** Task data **
_ _ _ _

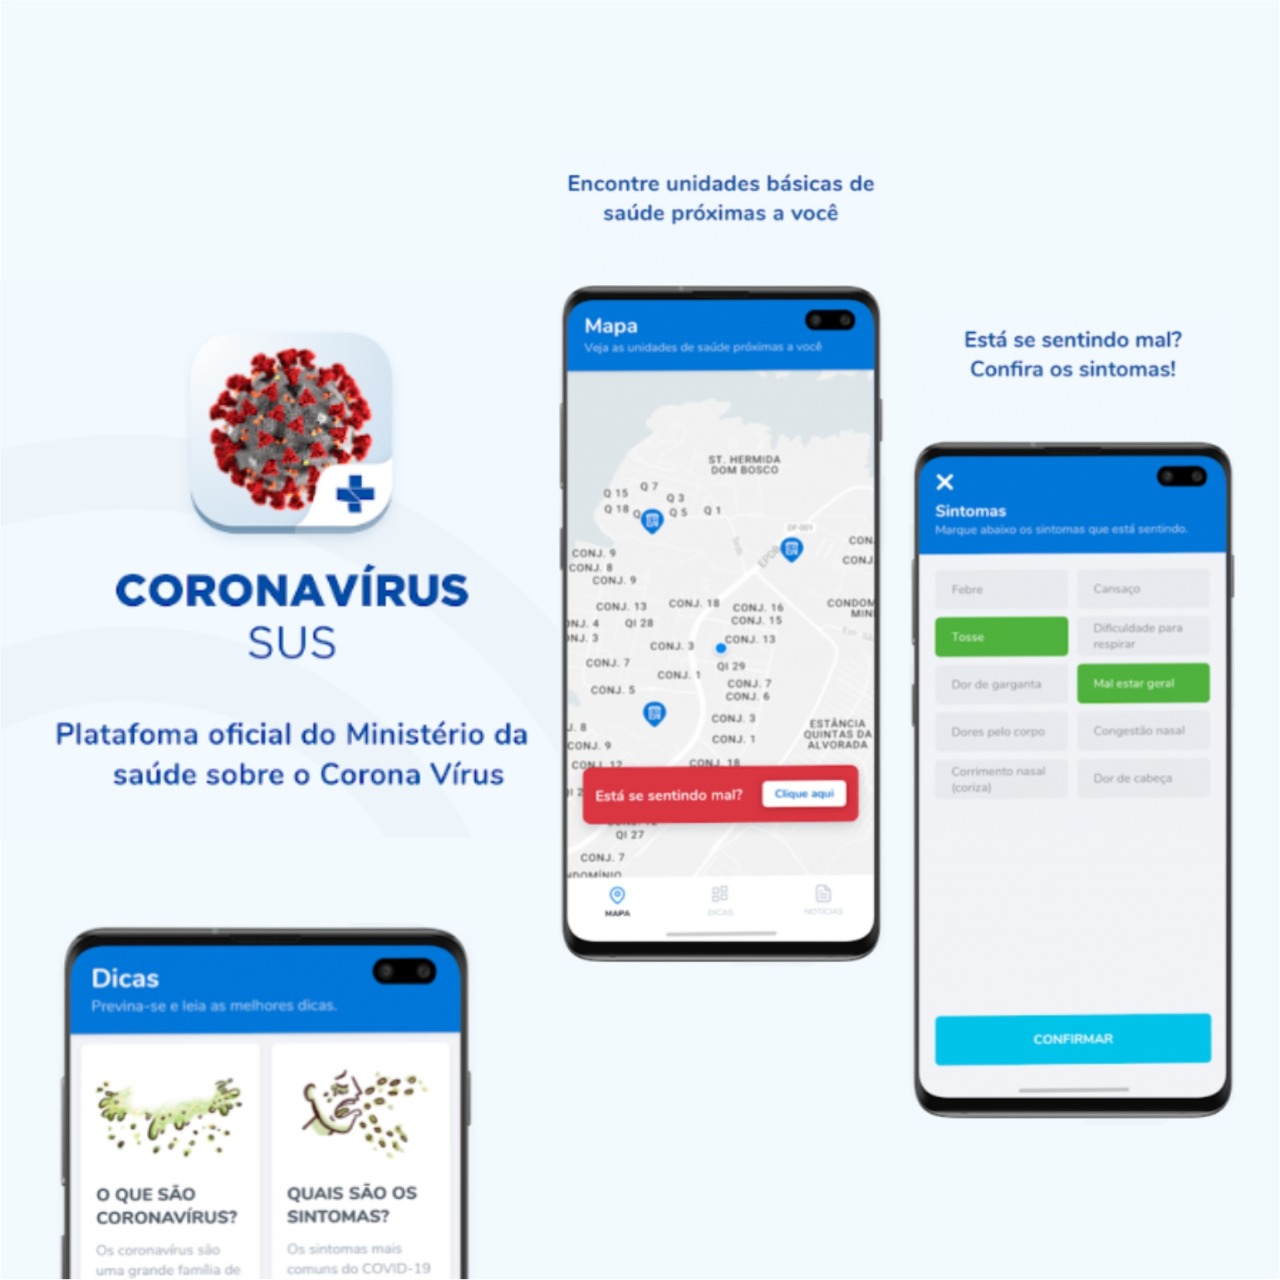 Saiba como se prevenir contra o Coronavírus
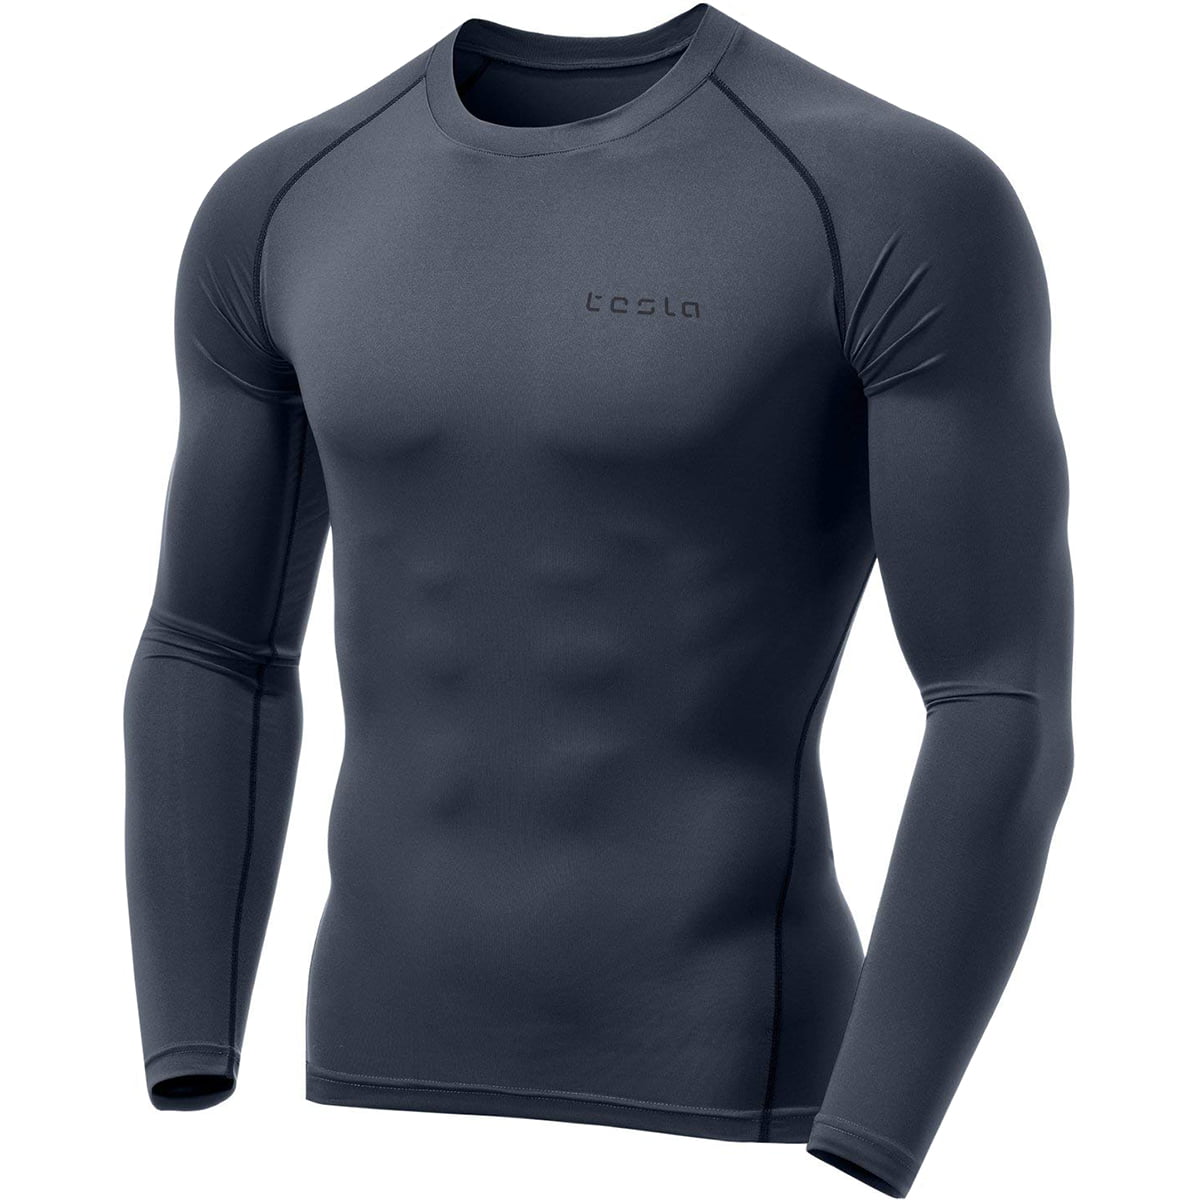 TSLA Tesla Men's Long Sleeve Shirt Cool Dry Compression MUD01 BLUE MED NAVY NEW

_ _ _ _

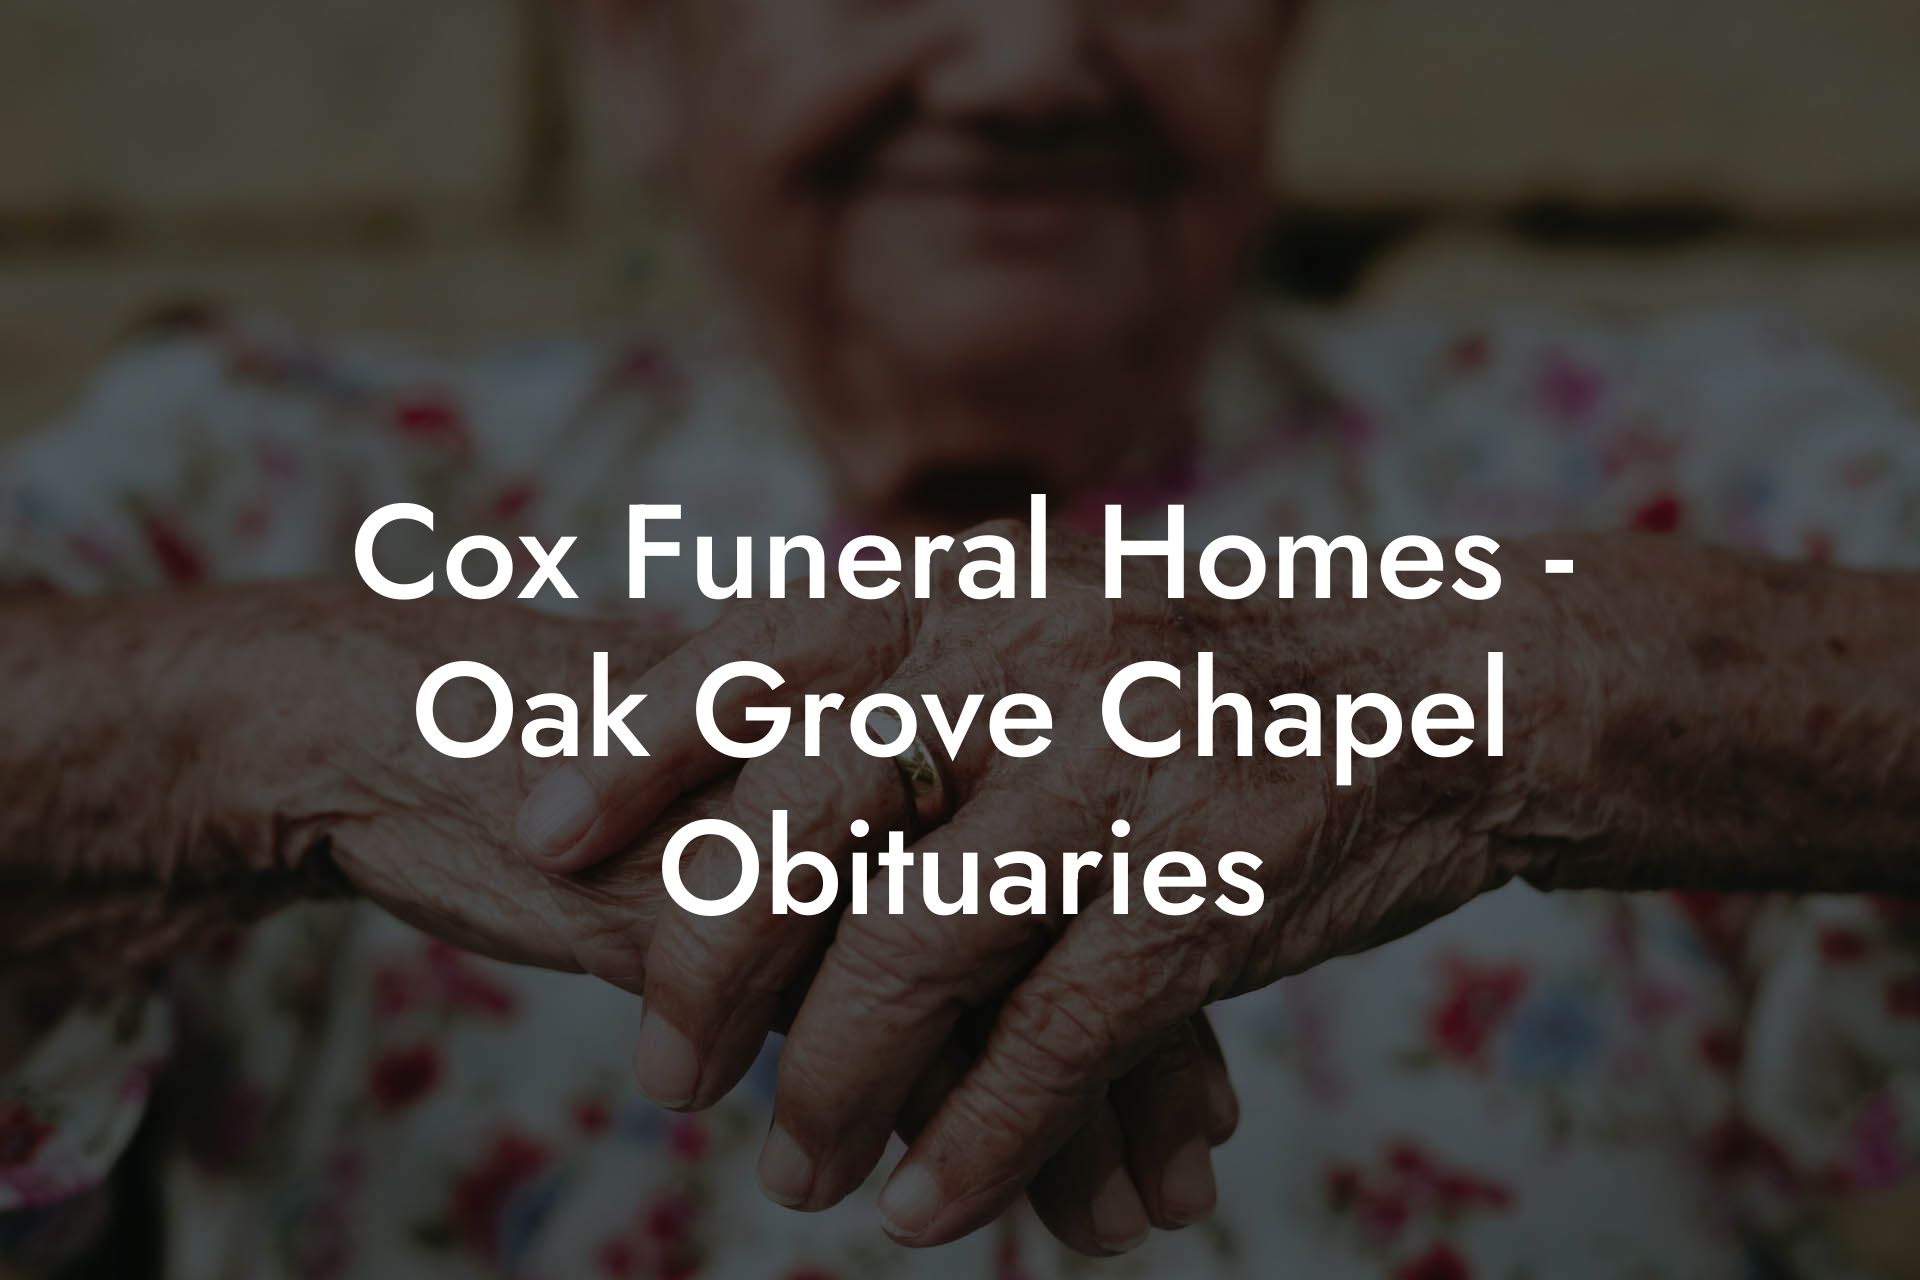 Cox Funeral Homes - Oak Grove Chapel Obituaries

_ _ _ _

** Problem **
Starting at the line above with "Saiba como se prevenir contra o Coronavírus", output every line exactly up to and including the line with "TSLA Tesla Men's", but none of the pictures.

** Answer space **
 Saiba como se prevenir contra o Coronavírus
 TSLA Tesla Men's Long Sleeve Shirt Cool Dry Compression MUD01 BLUE MED NAVY NEW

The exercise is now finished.